Recently I am working on platform analytics solution for veracity.com, the open industry data platform from DNV GL. Data Ingest is one essential part for the whole data analytics end to end flow.
Application Insights(AI) logs are one of the key data source, hence we need build streaming analytics solution for such real time data source. Here we take availability logs data as example, you can also use other AI data sources (PageViews….).
Export the data
There is a nice document for enabling the continues export from Application Insights.
Create a storage account
When you are creating it, I suggest to use “Standard-LRS“ with Cold tier. This is simply because we use storage account as a temporary storage place. (We will move into VERACITY container for storage in production)

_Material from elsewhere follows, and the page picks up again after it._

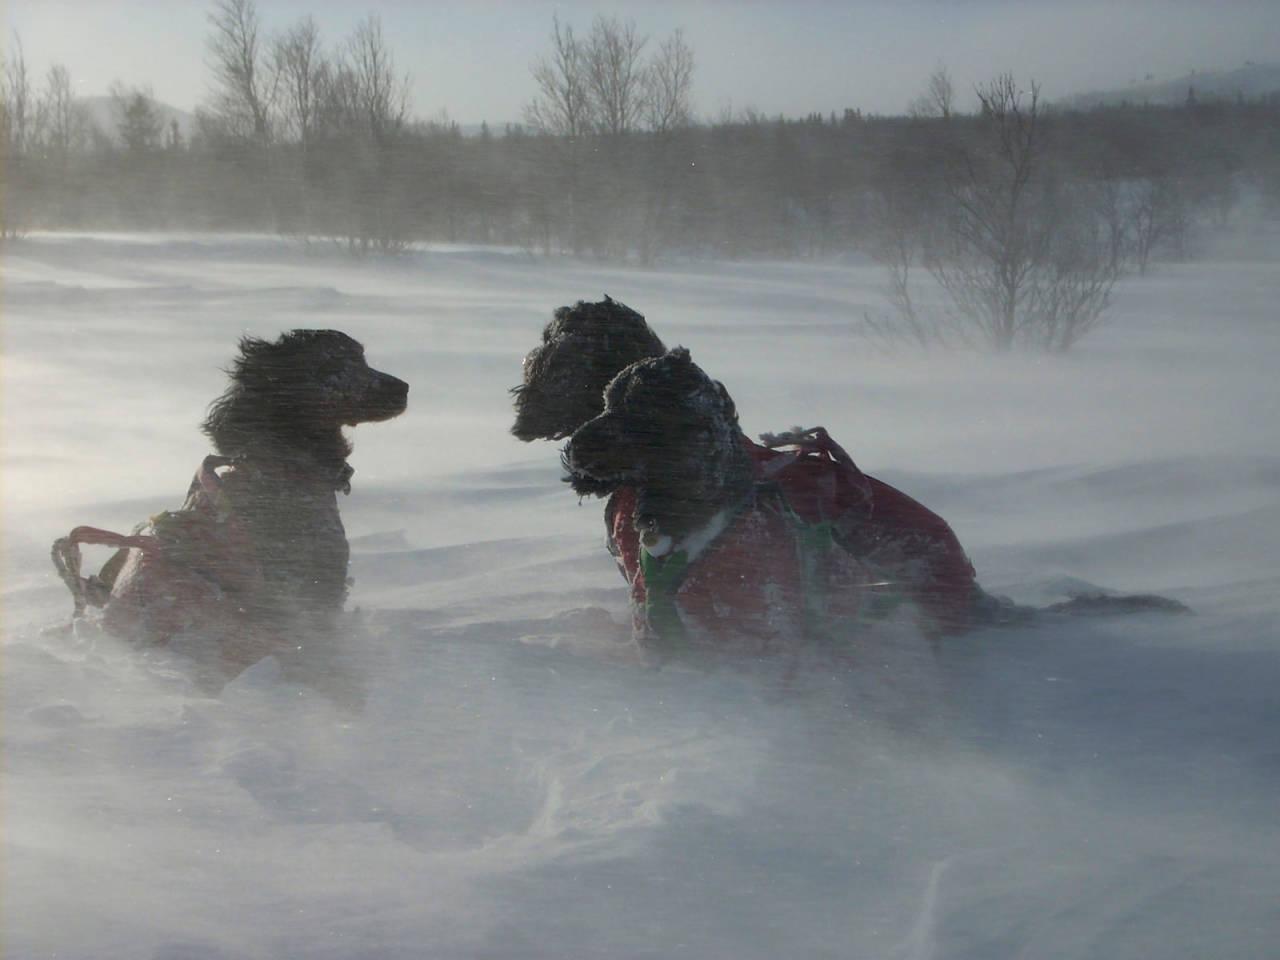 KALDT NOK: Selv om våre jakthunder generelt er robuste, kan vind og kulde raskt virke nedkjølende når hunden ikke lenger er i full aktivitet.
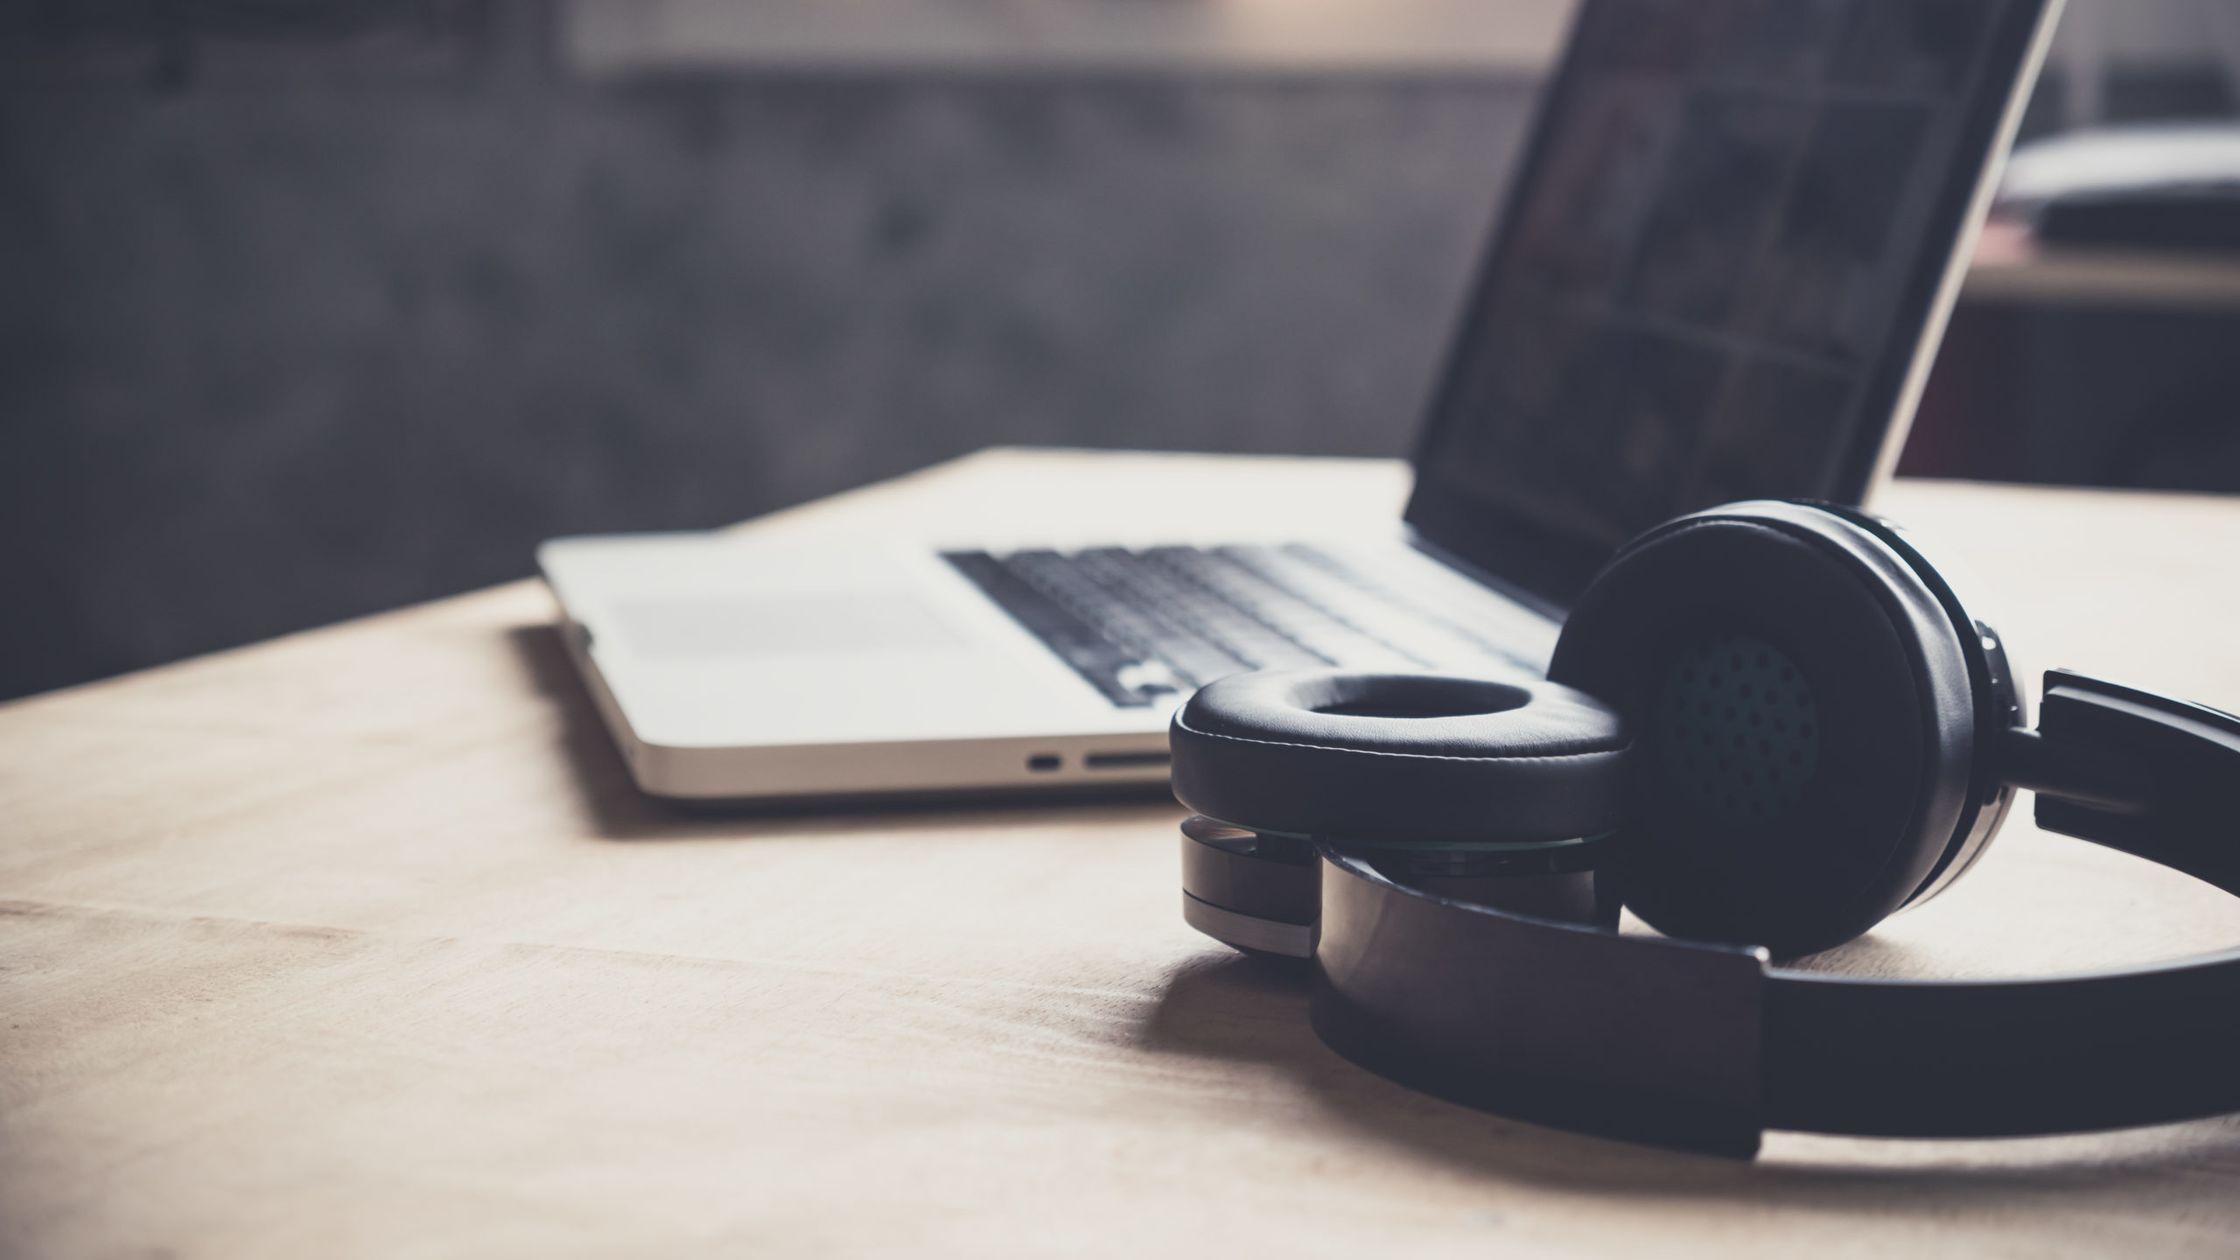 Auf einem Schreibtisch liegen Laptop und Kopfhörer

Configure the export settings
In this case, we are exporting one type:
Take a closer look at the folder content. Below screenshot shows the PageViews data between 12am to 1pm on 28th of Sept.
Please note that:
- The date and time are UTC and are when the telemetry was deposited in the store – not the time it was generated.
- The folders under Availability are stored in yyyy-mm-dd/hh/ structure.
- Each blob is a text file that contains multiple ‘\n’-separated rows.
- It contains the telemetry processed over a time period of roughly half a minute. It means that each folder will have about 100 to 120 files.
- Each row represents a telemetry data point such as a request or page view.
- Each row is an JSON document. The detailed data structure can be found at here.
With the nice Azure Storage Account Explorer, it is pretty easy to check the content of the blob file.
Please note that Application Insights also implemented the same logic as IP Anonymizationin Google Analytics. For all IP address that is collected by Application Insights, last octagon is anonymized to 0 (you can see the highlighted in above screenshot).
Read the data from blob
They are many ways to transfer the data out from storage account. Here we are going to use Azure Databricks.
Add one Azure Databricks service following here.
Add one cluster, choose the basic one following here.
Add one notebook: named for example: Streaming Data Ingest
In order Azure Databricks can read data from blob storage, there are two ways: Databricks directly read blob storage through HDFS API; Or mount blob storage container into Databricks file system. See more information about how to access Blob Storage as here. We choose the second one.
Mount the storage folder into Databricks file system(DBFS), to mount a Blob storage container or a folder inside a container, use the following command:
dbutils.fs.mount( source = "wasbs://<your-container-name>@<your-storage-account-name>.blob.core.windows.net/<your-directory-name>", mountPoint = "/mnt/export", extraConfigs = Map("<conf-key>" -> "<conf-value>"))
Then you can check the folder data with command:
%fs ls /mnt
import org.apache.spark.sql.functions._ import org.apache.spark.sql.SparkSession val spark = SparkSession .builder .appName("BlobStorageStreaming") .getOrCreate() import spark.implicits._
In Spark 2.0+, we prefer use Structured Streaming(DataFrame /DataSet API) in, rather than Spark Core API, but when we see the Availability log data, it is XML like format, with several hierarchy. This is not easy to programming define the Structure type. The tricks here is that we first read one blob file to get Schema, then use this Schema when we create the structured streaming.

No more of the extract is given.